The week starts with grains under pressure.

Grain futures opened lower Monday night and pressed lower on a weather pattern shift for South America that is bringing better rain chances in Argentina, along with Russia increasing their crop size to a record 104.5 MMTs. Brazil has harvested an estimated 1% of their record 2023 crop in the north. The pace is expected to start gaining this week amid defoliate efforts and improved weather over a drier forecast. Early crop yields are high, but additional harvest samples are needed to determine the yield trend.

Argentina’s two-week weather forecast calls for near to above-normal rainfall with more seasonal temperatures with cloud cover. It’s potentially a pattern change after a dry four months, but La Niña appears to be fading. An Improved weather pattern evolving now will stabilize the early planted Argentine crops and flourish the delayed planted beans that many farmers waited to do in the latter part of December. If the weather pattern is changing, it also improves the potential for the second corn crop seeding.

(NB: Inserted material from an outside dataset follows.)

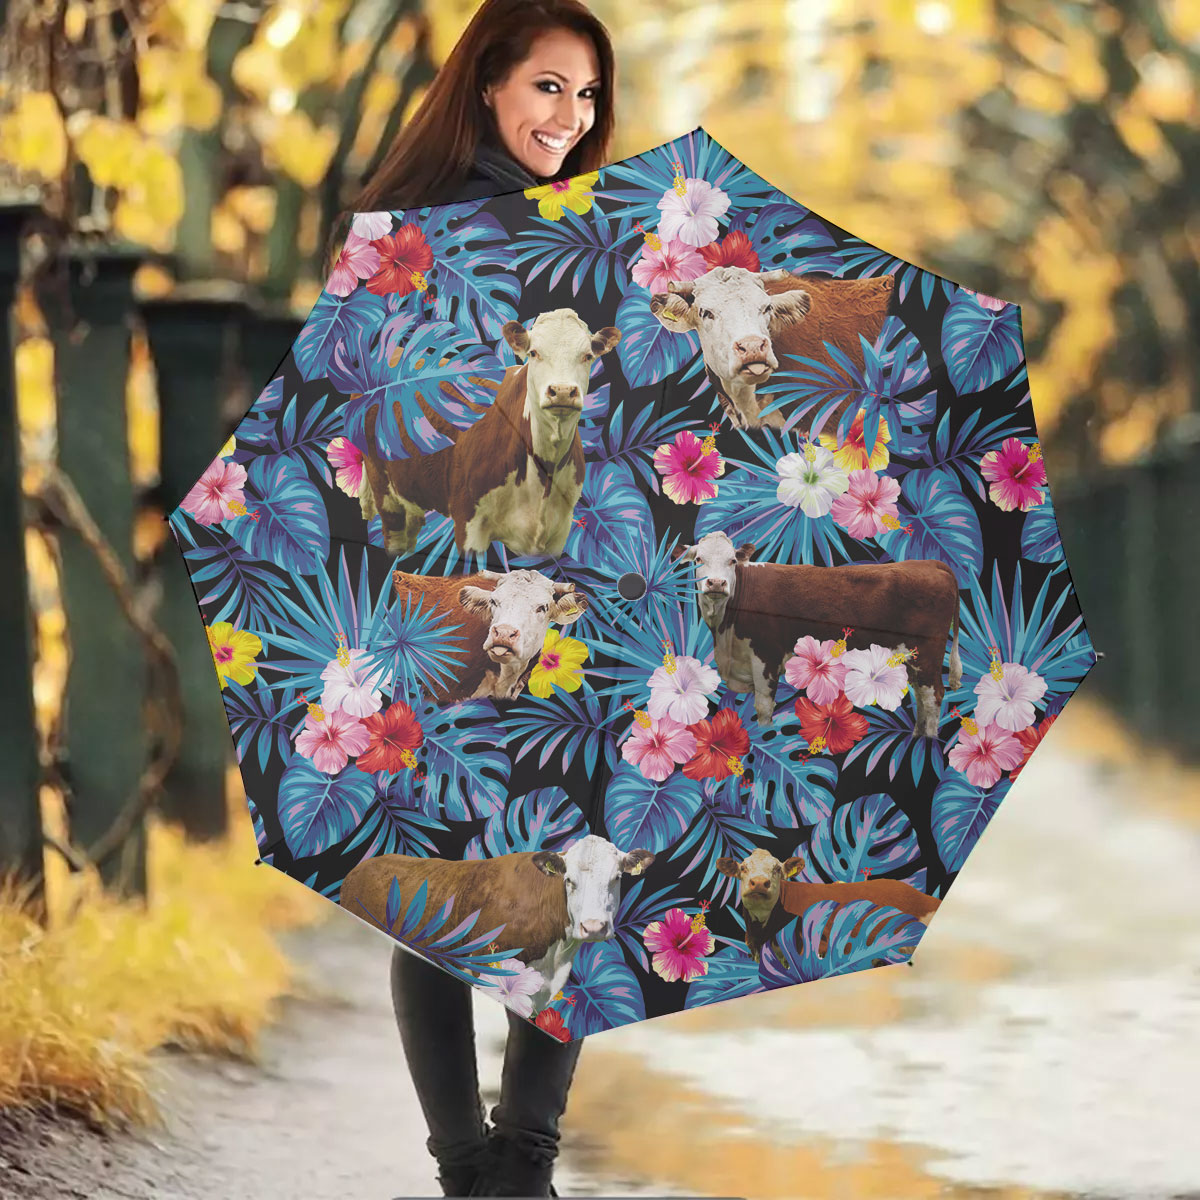 Hereford Tropical Flowers Leaves Pattern Umbrella

Argentine is seeing its first improved weather forecast with above-normal rainfall over the next two weeks, including the southern Brazil area of RGDS. The jet stream is becoming more active, and storms are lining up across t Pacific. A few warm/hot days will prevail for another 2-3 days before rainfall starts to arrive. Then there is a chance of rain every 3-4 days, with the first system this Thursday into Saturday that have totals ranging in the .5-2.00” category. Further rains arrive with very good coverage January 25-26, and then another storm system in the 11-15 day window. This rain is timely and will aid the final seedings. Crops planted in October will stabilize, but considerable yield improvements might be too late.

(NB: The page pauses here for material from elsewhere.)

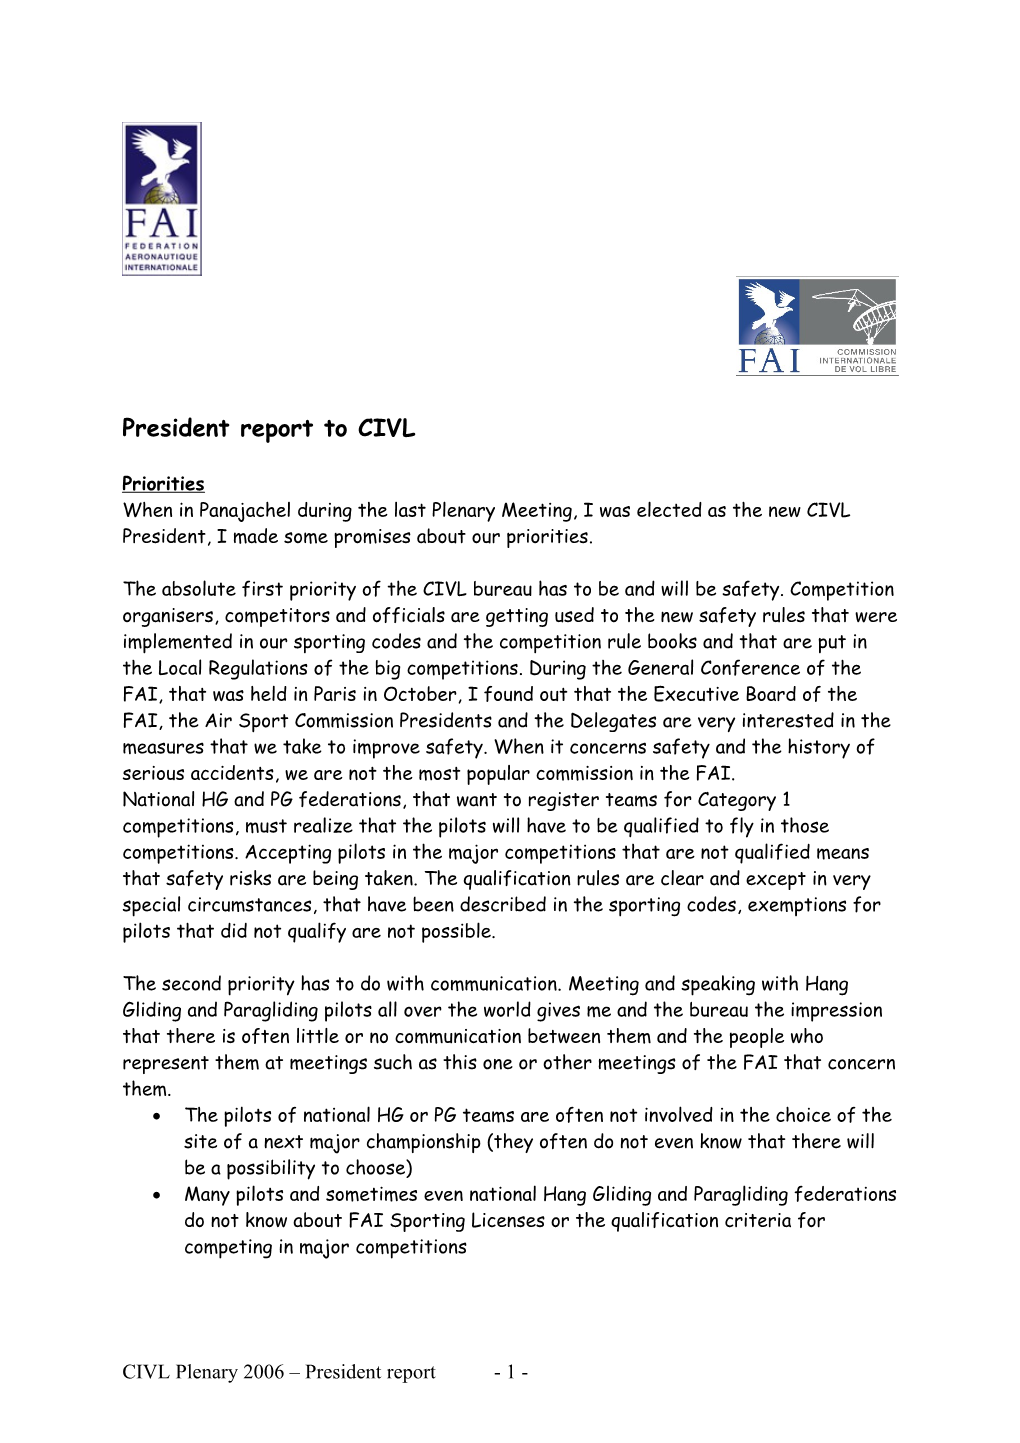 President Report to CIVL

Live cattle had a higher close last week, while feeder cattle closed lower on the feed grain rally. Later this week will be the Livestock Slaughter report on Thursday and then the Cattle on Feed report Friday. Negotiated fed cattle last week was mixed with southern plains $1 lower at $156, while sales in Nebraska were steady to $2 higher at $157. Live trade in IA/MN was steady at $157-159. Cattle slaughter last week rose to a six-week high of 661,000 head, keeping box beef values under pressure. The choice was down $6.37 on weakness in the choice ribs and chuck primals, while select lost $2.45. Near-term supplies have been slightly better than expected, but the sharp drop in autumn placements keeps the price outlook bullish in the summer.